7 B / 7 B [=======================================] 100.00% 0s
Downloaded main.tf
Giving back
Now I’d done the digging, I wanted to help out the next person who was doing this. So I contributed an example back to the aws-sdk-go repo using the pb
package
The maintainers asked to remove the dependency on the pb
package, as they wanted the code not to pull in external packages if possible, which makes sense.
So after a bit of refeactoring, I ended up with this:
// progressWriter tracks the download progress of a file from S3 to a file
// as the writeAt method is called, the byte size is added to the written total,
// and then a log is printed of the written percentage from the total size
// it looks like this on the command line:
// 2019/02/22 12:59:15 File size:35943530 downloaded:16360 percentage:0%
// 2019/02/22 12:59:15 File size:35943530 downloaded:16988 percentage:0%
// 2019/02/22 12:59:15 File size:35943530 downloaded:33348 percentage:0%
type progressWriter struct {
written int64
writer io.WriterAt
size int64
}
func (pw *progressWriter) WriteAt(p []byte, off int64) (int, error) {
atomic.AddInt64(&pw.written, int64(len(p)))
percentageDownloaded := int(float32(pw.written*100) / float32(pw.size))
log.Printf("File size:%d downloaded:%d percentage:%d%% \n", pw.size, pw.written, percentageDownloaded)

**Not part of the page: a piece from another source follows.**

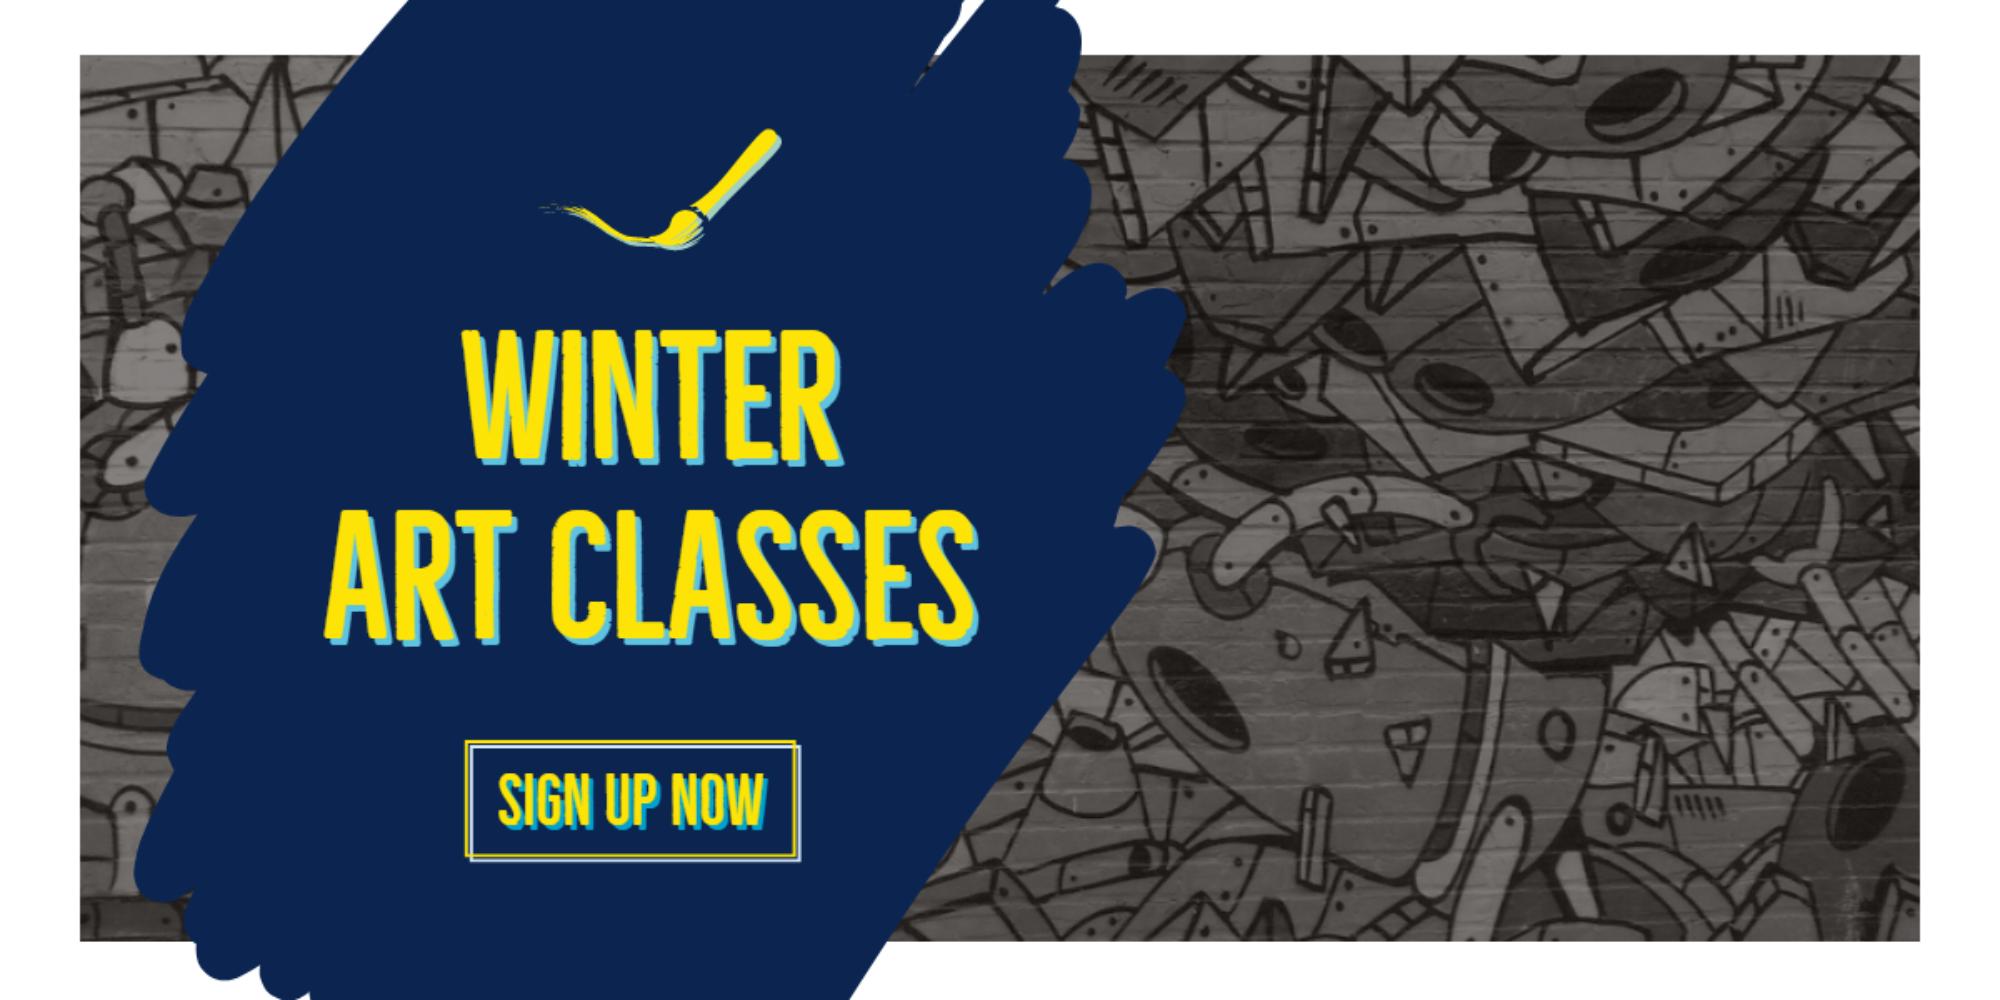 Winter Art Classes

return pw.writer.WriteAt(p, off)
}
filename := parseFilename(key)
sess, err := session.NewSession()
if err != nil {
panic(err)
}
s3Client := s3.New(sess)
downloader := s3manager.NewDownloader(sess)
size, err := getFileSize(s3Client, bucket, key)
if err != nil {
panic(err)
}
log.Printf("File size is: %s", byteCountDecimal(size))
cwd, err := os.Getwd()
if err != nil {
panic(err)
}
temp, err := ioutil.TempFile(cwd, "getObjWithProgress-tmp-")
tempfileName := temp.Name()
if err != nil {
panic(err)
}
writer := &progressWriter{writer: temp, size: size, written: 0}
params := &s3.GetObjectInput{
Bucket: aws.String(bucket),
Key: aws.String(key),
}
if _, err := downloader.Download(writer, params); err != nil {
log.Printf("Download failed! Deleting tempfile: %s", tempfileName)
os.Remove(tempfileName)
panic(err)
}
if err := temp.Close(); err != nil {
panic(err)
}
if err := os.Rename(temp.Name(), filename); err != nil {
panic(err)
}
log.Printf("File downloaded! Available at: %s", filename)
Which gives a noisier output (as it writes every time a bite is written) but works without external dependencies:
2019/02/22 12:59:15 File size:35943530 downloaded:16360 percentage:0%
2019/02/22 12:59:15 File size:35943530 downloaded:16988 percentage:0%
2019/02/22 12:59:15 File size:35943530 downloaded:33348 percentage:0%
That got merged, and hopefully it can help someone in the future!
Conclusion
This whole attempt to was a great way of learning how writerAt
worked and hopefully my example helps out the next person who wants to implement a progress bar for an S3 download tool.